Дед Владимира Яковлева по отцу — Михаил Николаевич Яковлев — был известным участником выставок «Союза русских художников», его работы есть и в Третьяковской галерее, и в Русском музее… С 1924 года жил в Бельгии и Франции, откуда вернулся в Москву в 1937 году. Впрочем, если его внук Владимир Яковлев родился в 1934-м в городе Балахне Нижегородской области, это озна­чает, по-видимому, что сын Михаила Николаевича — Игорь, инженер, выпускник Льежского университета — работал в России еще раньше, до приезда отца. Что касается мамы Владимира Яковлева, то о Вере Александровне (урожденной Тейтельбаум) известно немного. Лишь то, что она была «простая женщина» из еврейской семьи. Таким образом, в семейном кругу Яковлева, очевидно, была жива память о художественных традициях начала ХХ века, о зарубежном искусстве.
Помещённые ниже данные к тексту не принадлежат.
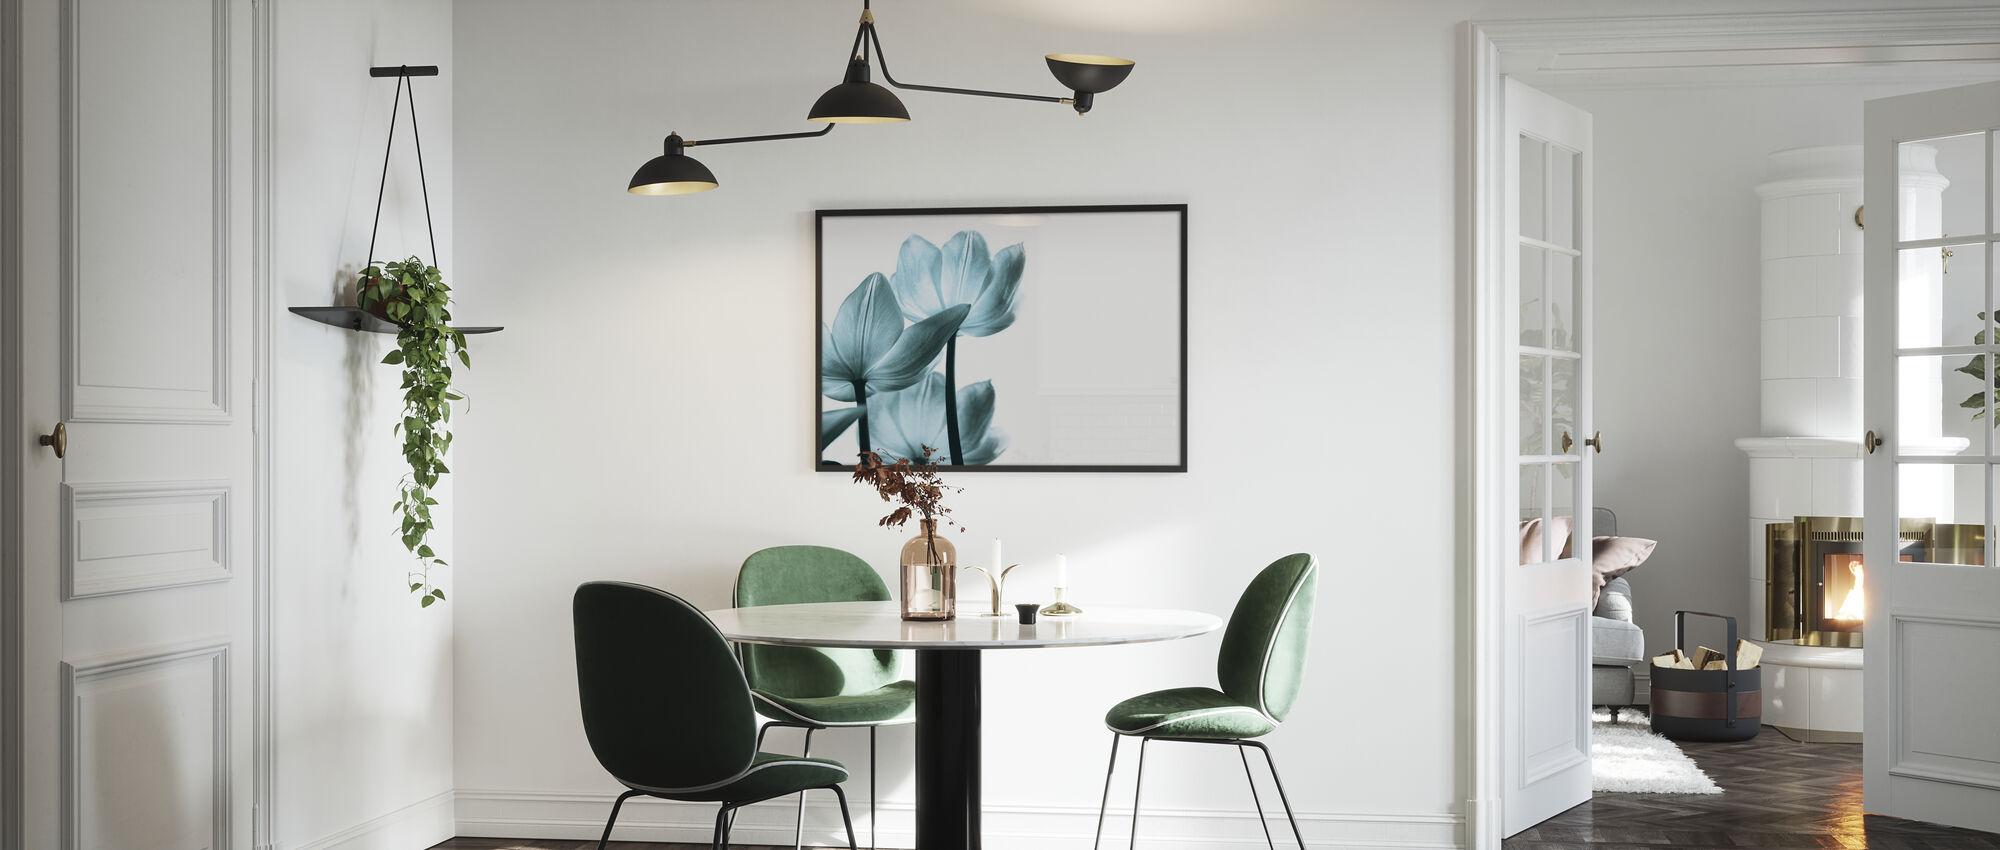 Doorschijnende Tulpen - Poster - Keuken
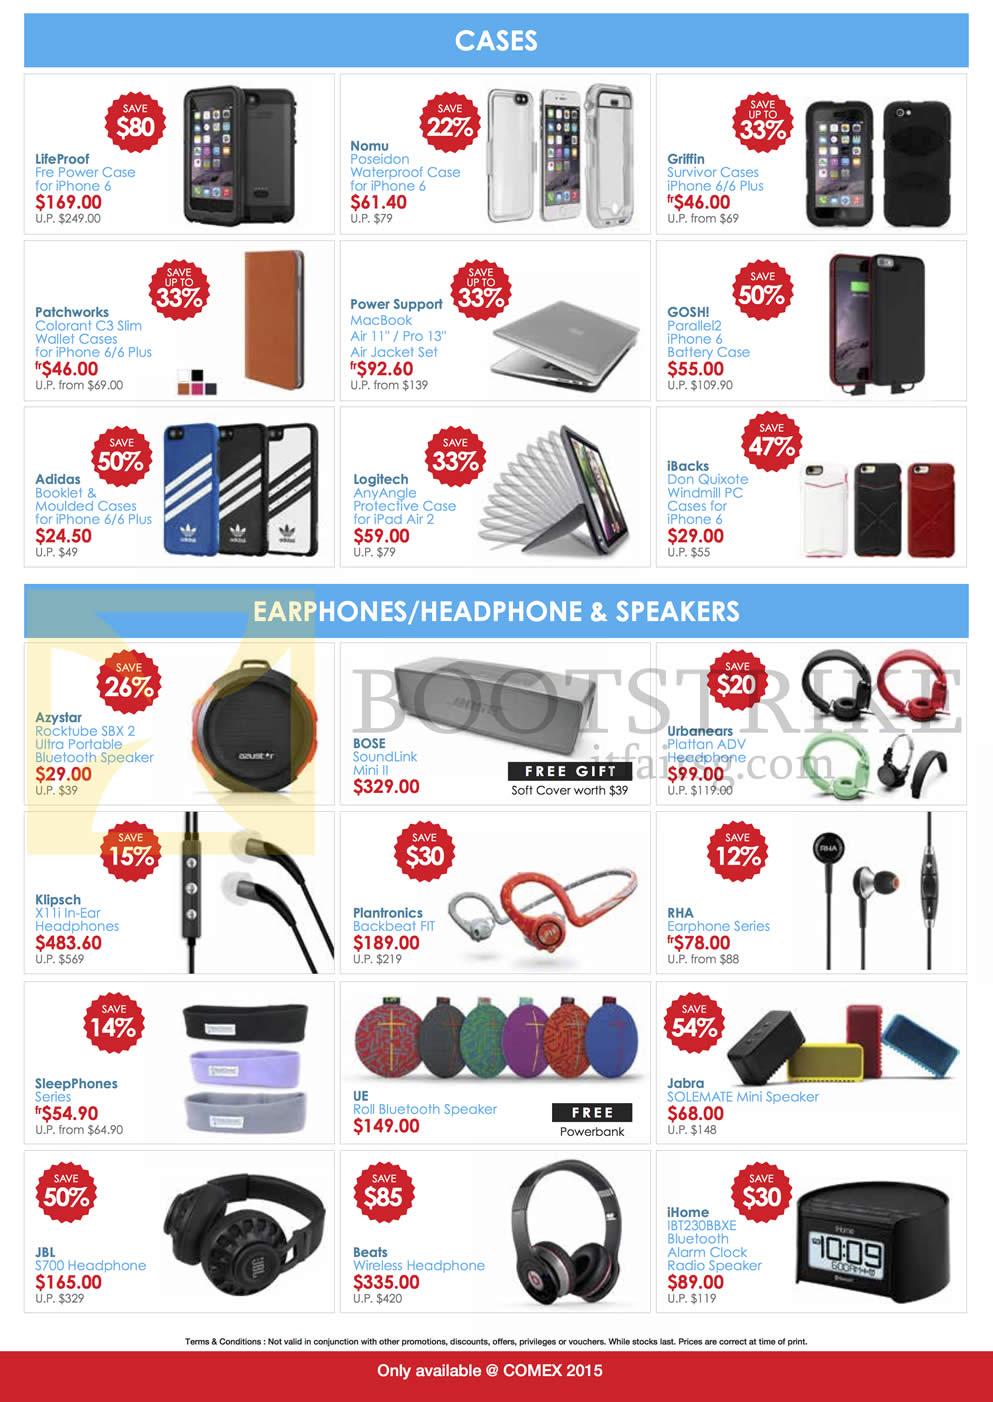 EpiCentre Cases, Earphones, Headphones, Speakers, Lifeproof

Не менее показательно, что зарубежные критики, с восторгом открывавшие для себя творчество Яковлева, которые не могли не знать о выставках Жана Дюбюффе в начале 1960-х в Париже и Нью-Йорке и о его увлечении «грубым искусством» душевнобольных, отнюдь не относили творчество Яковлева к «арт брют». Так, Индржих Халупецкий, чешский искусствовед, познакомившийся с Яковлевым во время приезда в Москву в 1966 году, замечает: «Картины Яковлева несут на себе отпечаток безупречного знания современной живописи, прежде всего русского авангарда десятых-двадцатых годов, но также Хлебникова и Веберна». Современный исследователь Лёля Кантор-Казовская, которая изучала работы Яковлева раннего периода, что находятся в обширном собрании Михаила Гробмана в Тель-Авиве, идет еще дальше, замечая, что художник создавал целые ряды рисунков, в которых один и тот же объект изображается в разном «ключе», будь то импрессионизм, кубизм или ранний абстракционизм. Речь не только об обширных знаниях, но о сознательном освоении и использовании приемов разных художественных направлений. Она пишет об использовании музыкальных принципов новой венской школы в работах Яковлева.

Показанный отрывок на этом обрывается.